- Exercise details
Pictures in the entries below are excluded; copy only the lines from the one containing "Perfect Black Tee" to the one containing "Dronning ønske international", both included.

- Data for the task
---

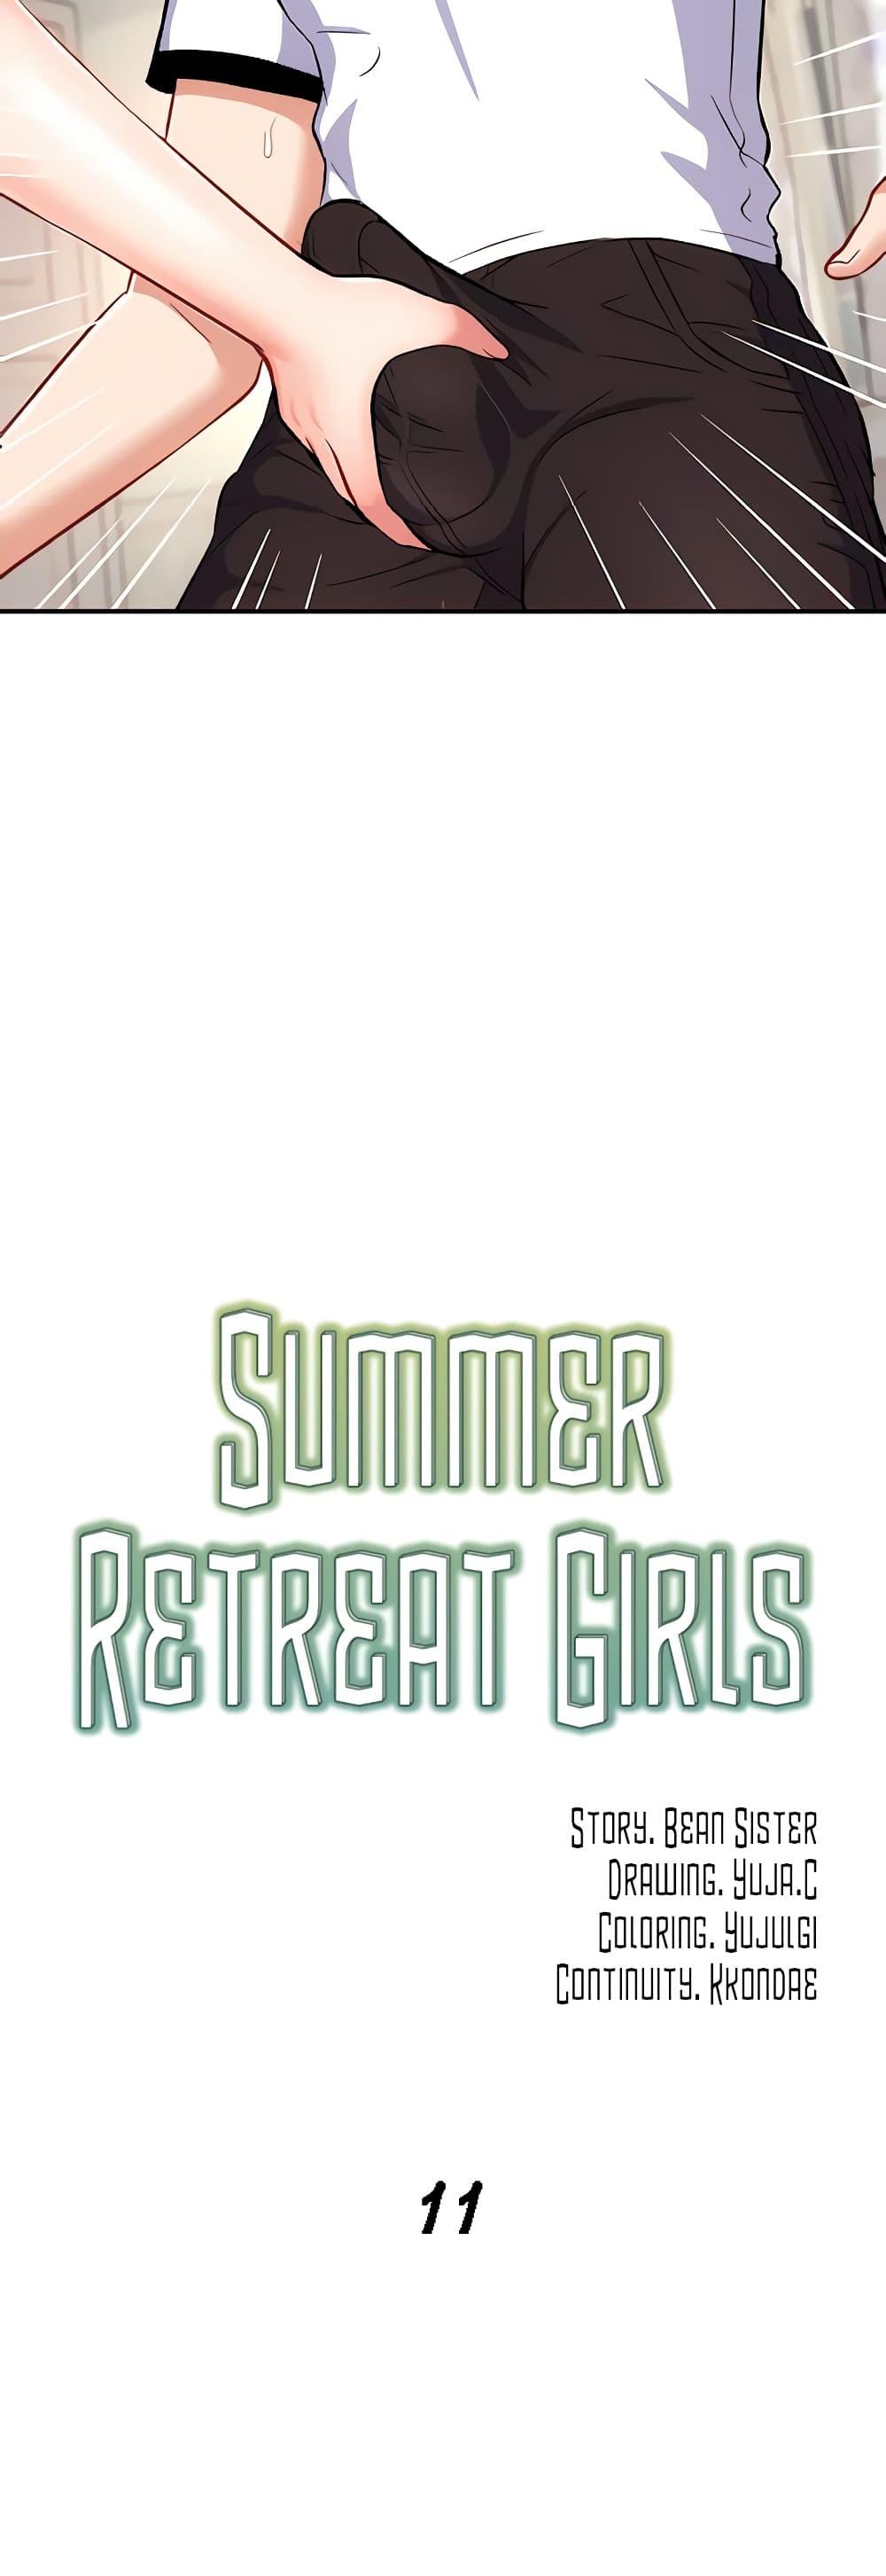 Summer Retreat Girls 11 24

---

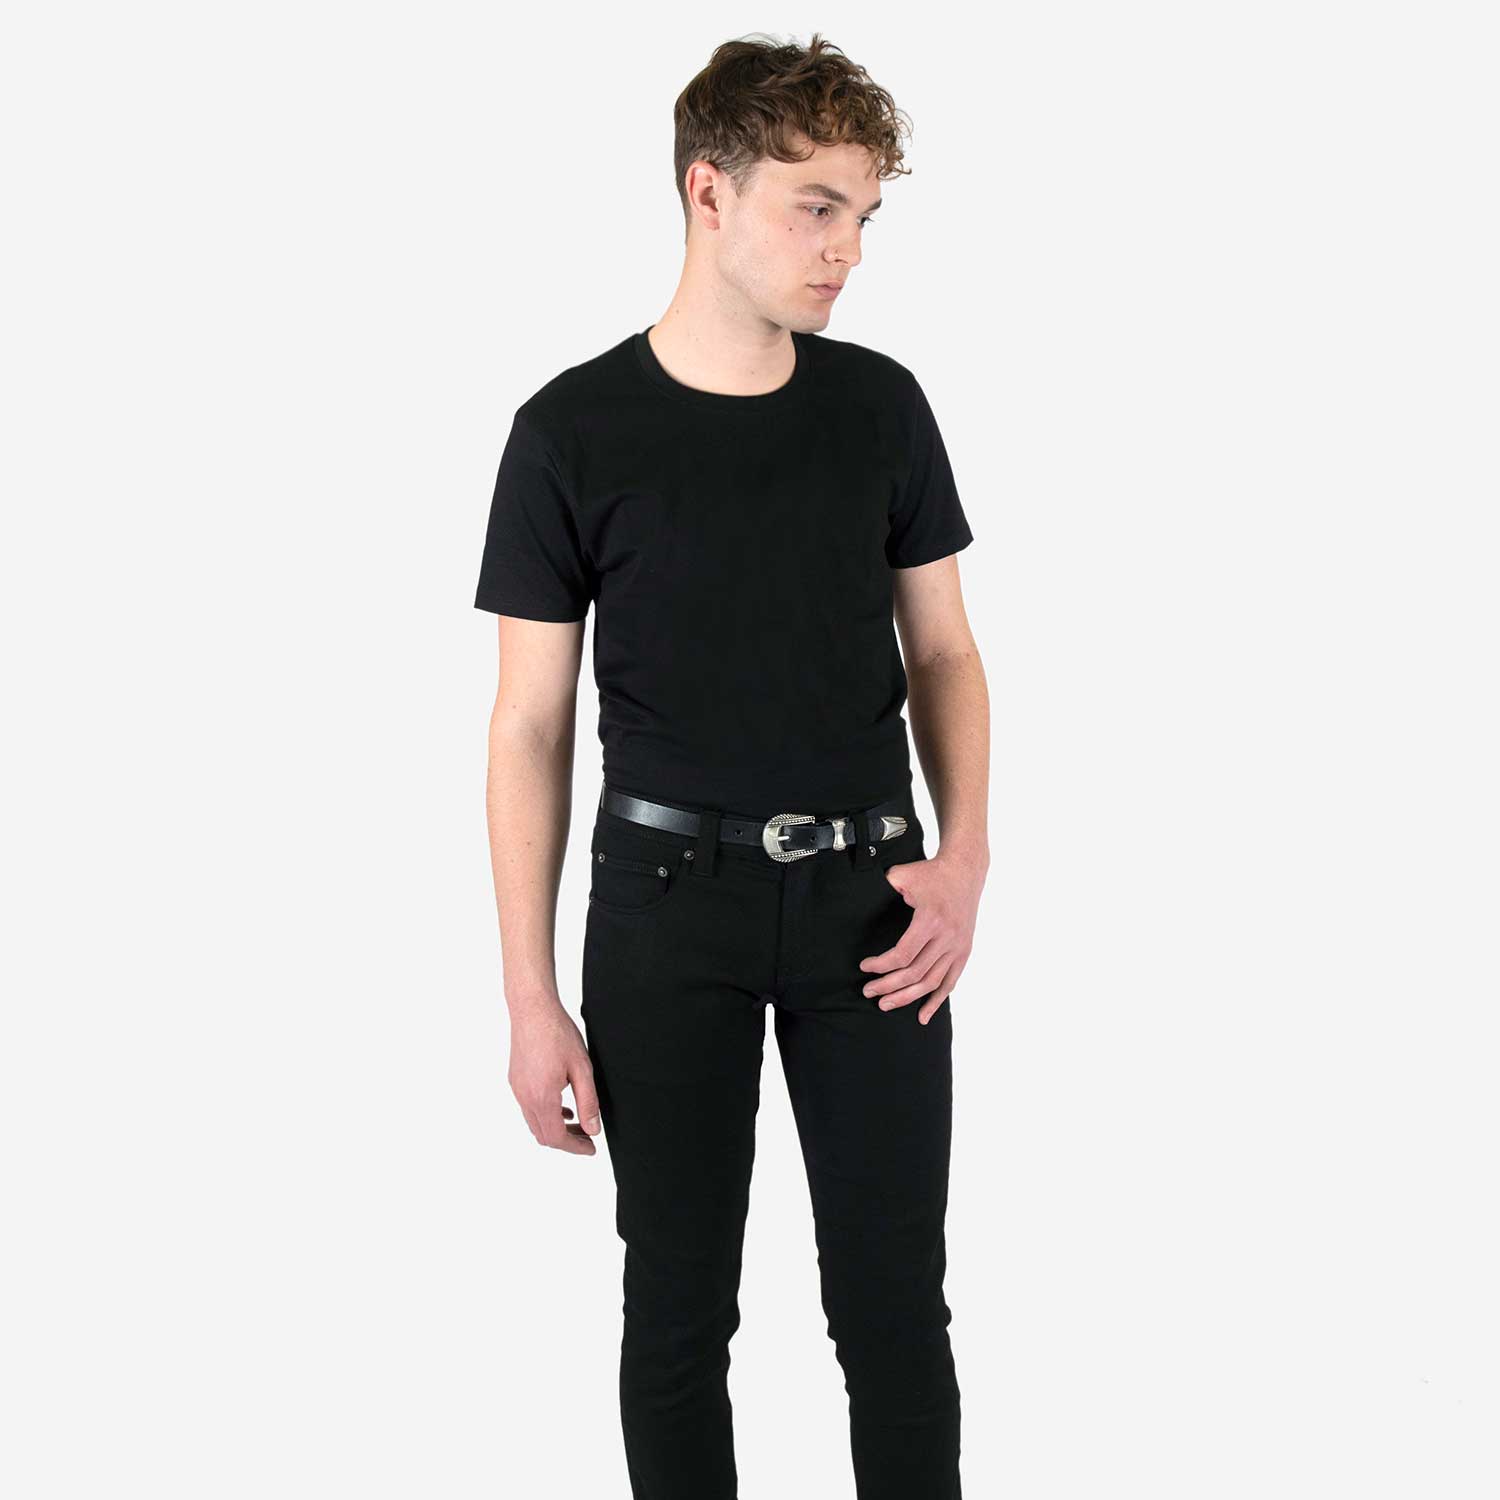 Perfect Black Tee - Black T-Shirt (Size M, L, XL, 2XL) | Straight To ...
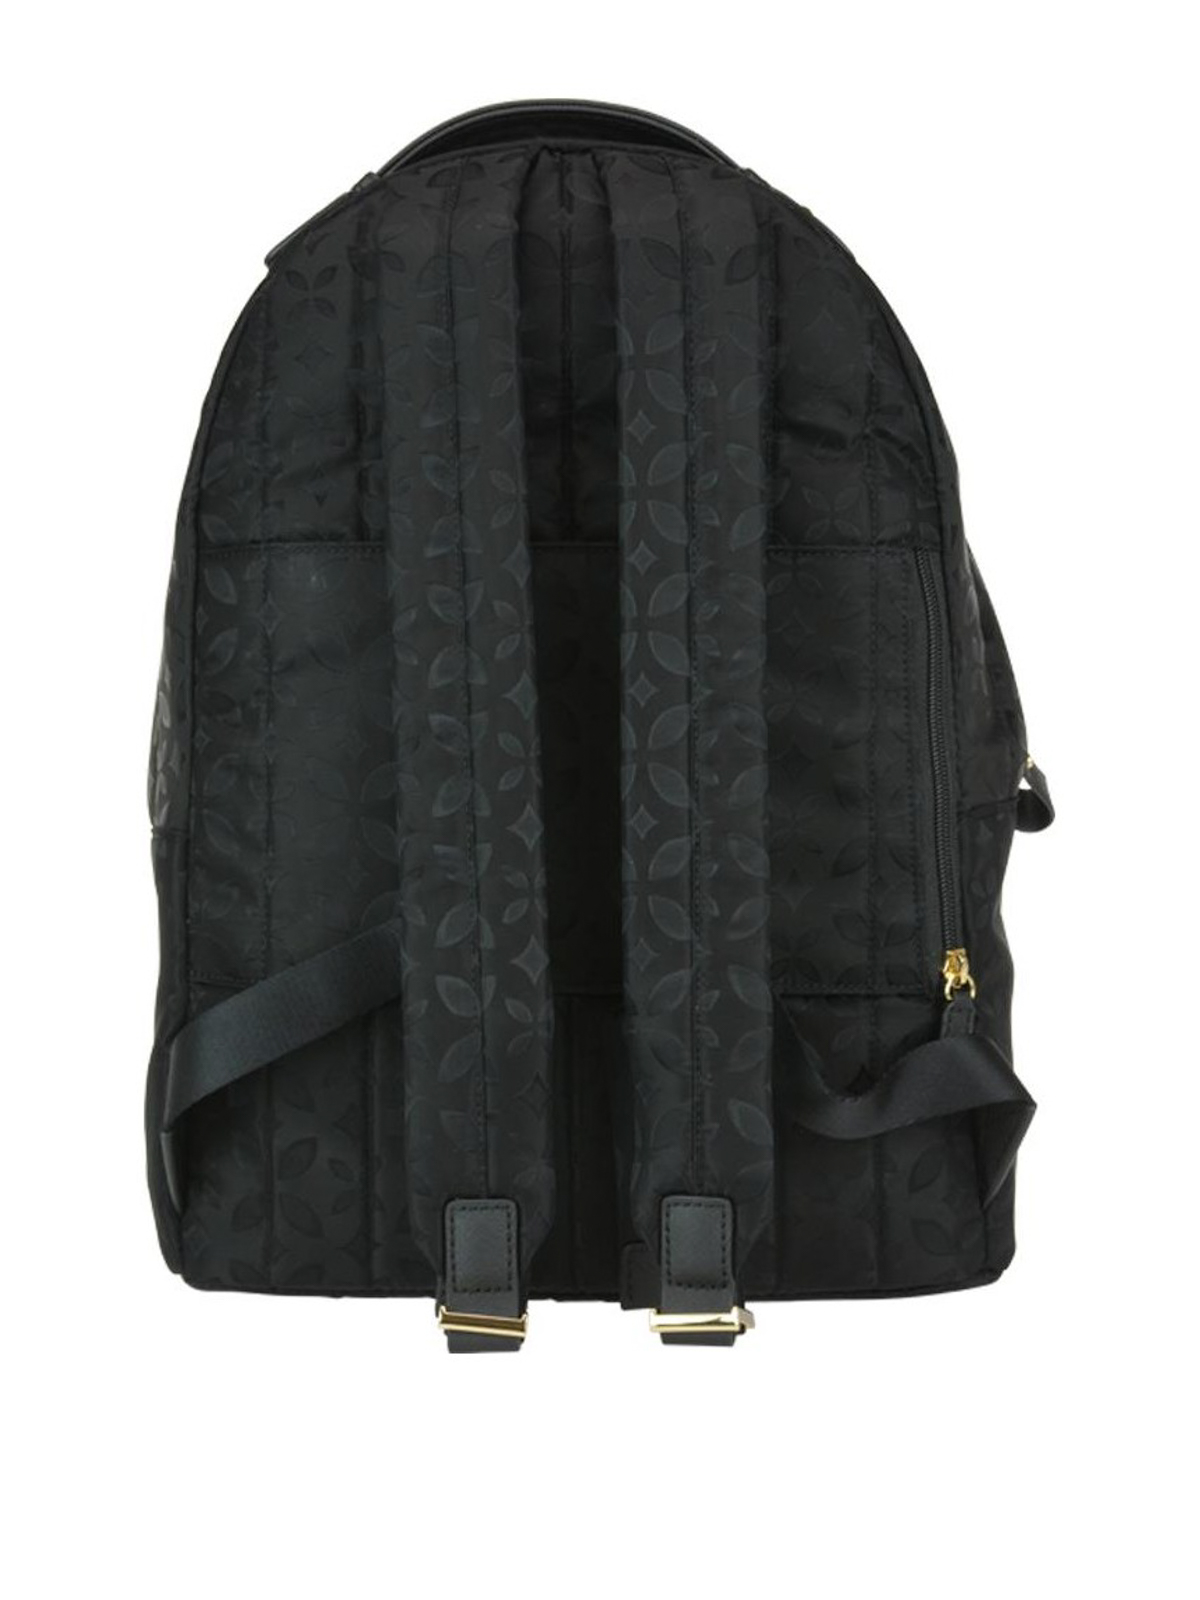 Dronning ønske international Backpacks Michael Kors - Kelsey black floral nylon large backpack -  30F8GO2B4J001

---

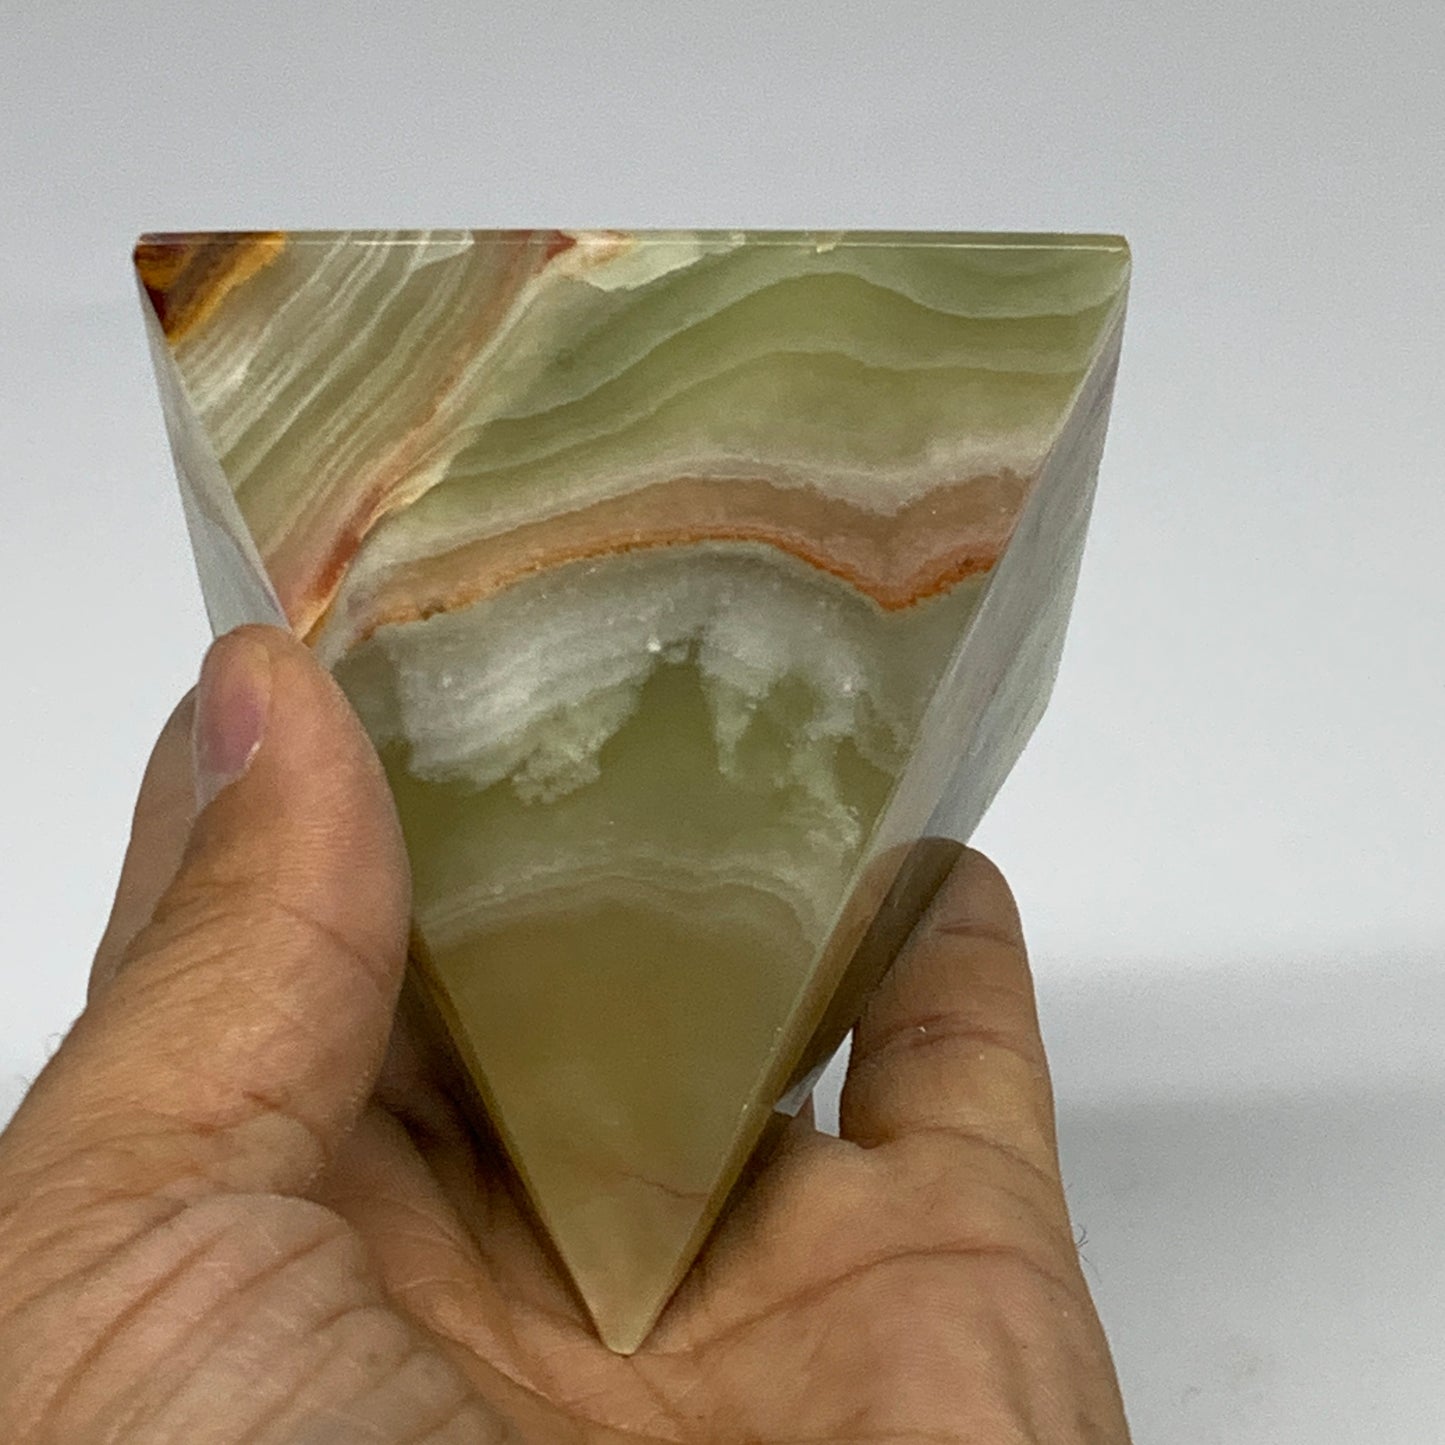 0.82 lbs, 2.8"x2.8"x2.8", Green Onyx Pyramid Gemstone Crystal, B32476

---

- Task answer
 Perfect Black Tee - Black T-Shirt (Size M, L, XL, 2XL) | Straight To ...
 Dronning ønske international Backpacks Michael Kors - Kelsey black floral nylon large backpack -  30F8GO2B4J001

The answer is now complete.